По своему темпераменту эти строки превосходны, но несколь­ко комично, что они вызваны произведением «Холодной крови» г-на Чехова, а увещания и пожелания обращены все к тому же «пописывающему» и «почти механическому аппарату» — г-ну Чехову! Ну что на самом деле может почувствовать механичес­кий аппарат, какие увещания и пожелания разогреют холодную кровь и откуда эта тоска по общей идее (идеале, вернее) у чело­века, который вместе с целым поколением может сказать про себя, что для него существует только действительность, в кото­рой ему суждено жить, и ничего больше?

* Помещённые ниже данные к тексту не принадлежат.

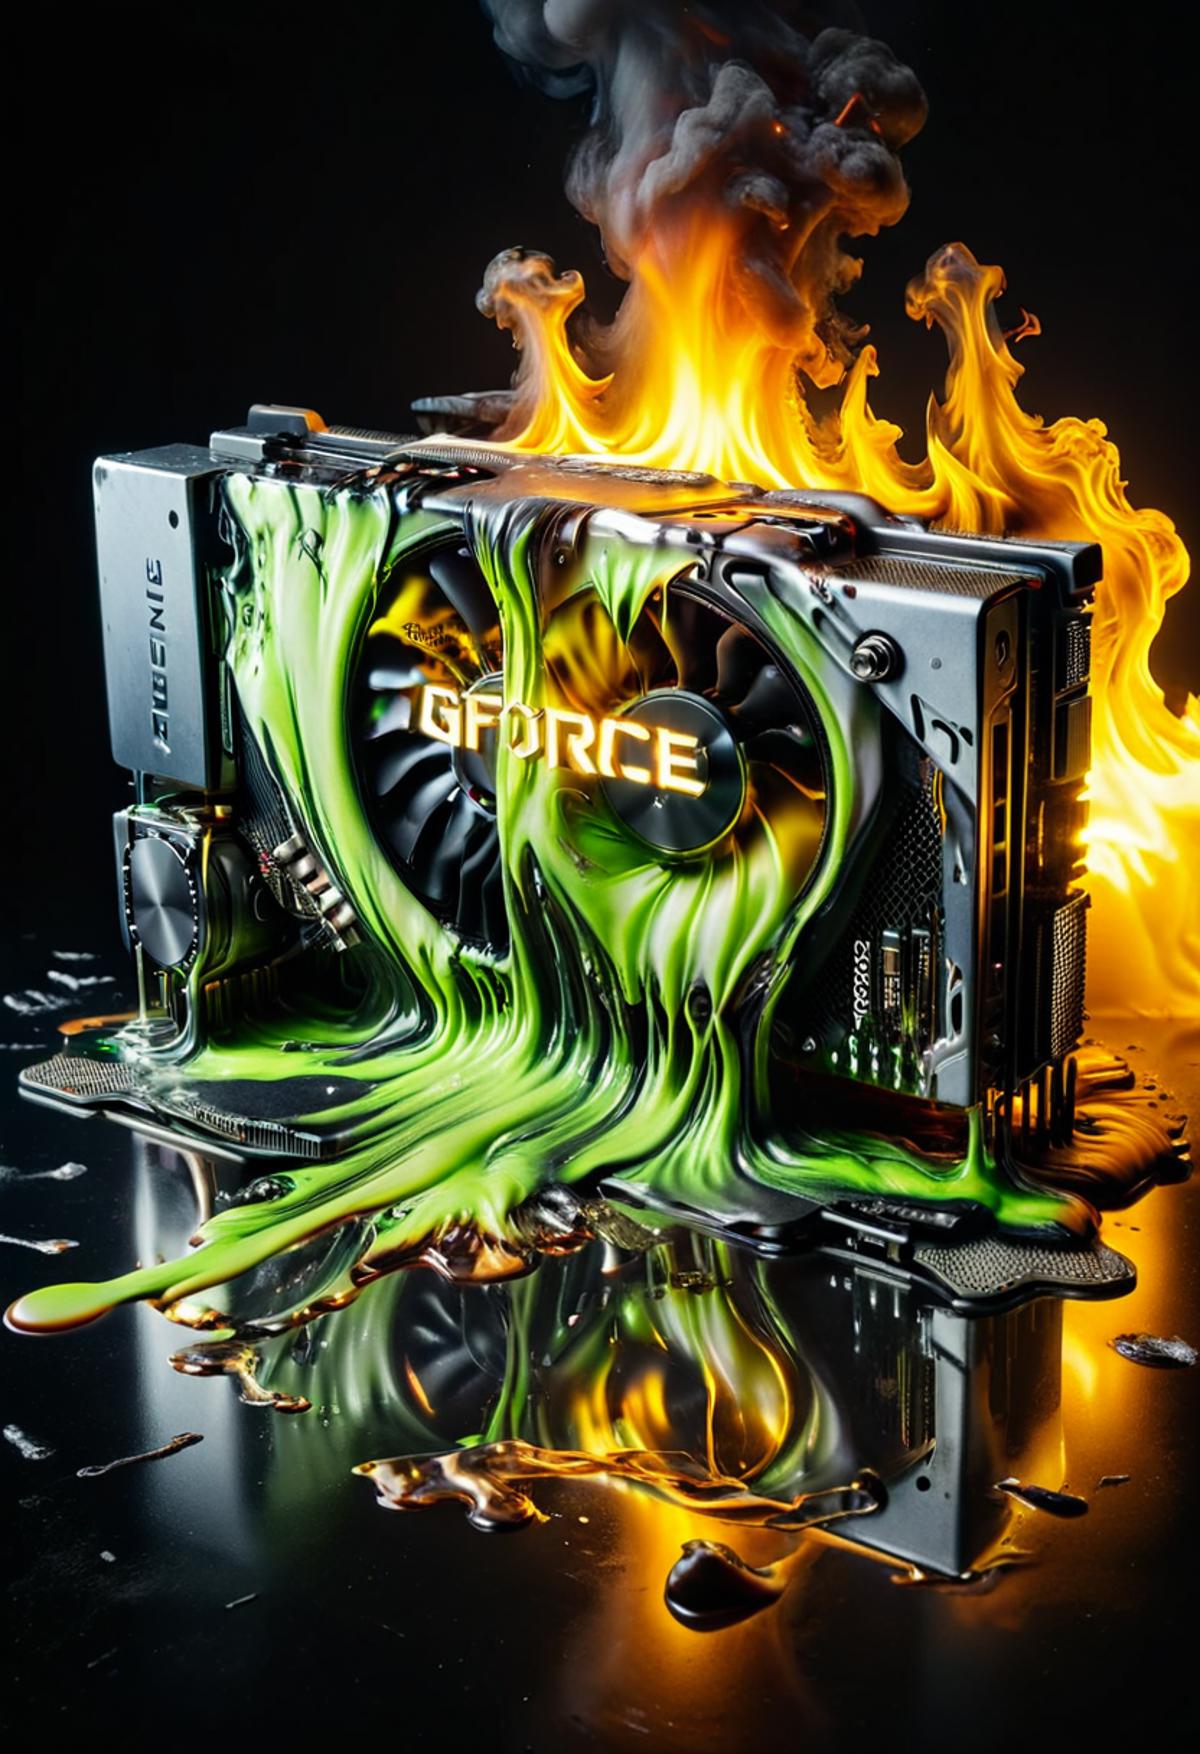 A Fire and Liquid-Covered Computer with a Gaming Logo

Тоска по общей идее — это очень большие слова. Это зна­чит — тоска по идеалу, тоска по цельности миросозерцания, по цельности натуры, в которой ум не вступал бы в постоян­ную борьбу с чувством и, наоборот, в которой различные настро­ения не играли бы между собой в чехарду, по такой жизни, нако­нец, когда человек не видит ежеминутно оскорбленным свое сер­дце и свое понимание. И чтобы восчувствовать такую тоску, мало быть хотя бы и действительно талантливым беллетрис­том. И разве мы не знаем многих действительно талантливых беллетристов и поэтов, никогда никакой тоски не ощущавших и радостно припадавших к «подножию ног» всякого сильного мер­завца?

Страшно много упустил г-н Михайловский в своей оценке Чехова и, прежде всего, конечно, не потому, чтобы у него не­доставало критической проницательности, а благодаря своему предвзятому взгляду на литературную эпоху 80-х годов, кото­рую он взял да и похерил всю сразу, и какому-то своему упор­ному недоверию ко всяким новым силам, не получившим его благословения. Но нехорошо, в конце концов, быть человеком, полагающим, что он всю истину носит у себя в жилетном кар­мане — всю и всякую истину — и философскую, и социологи­ческую, и эстетическую, и политическую, и экономическую, и что «все это у него написано».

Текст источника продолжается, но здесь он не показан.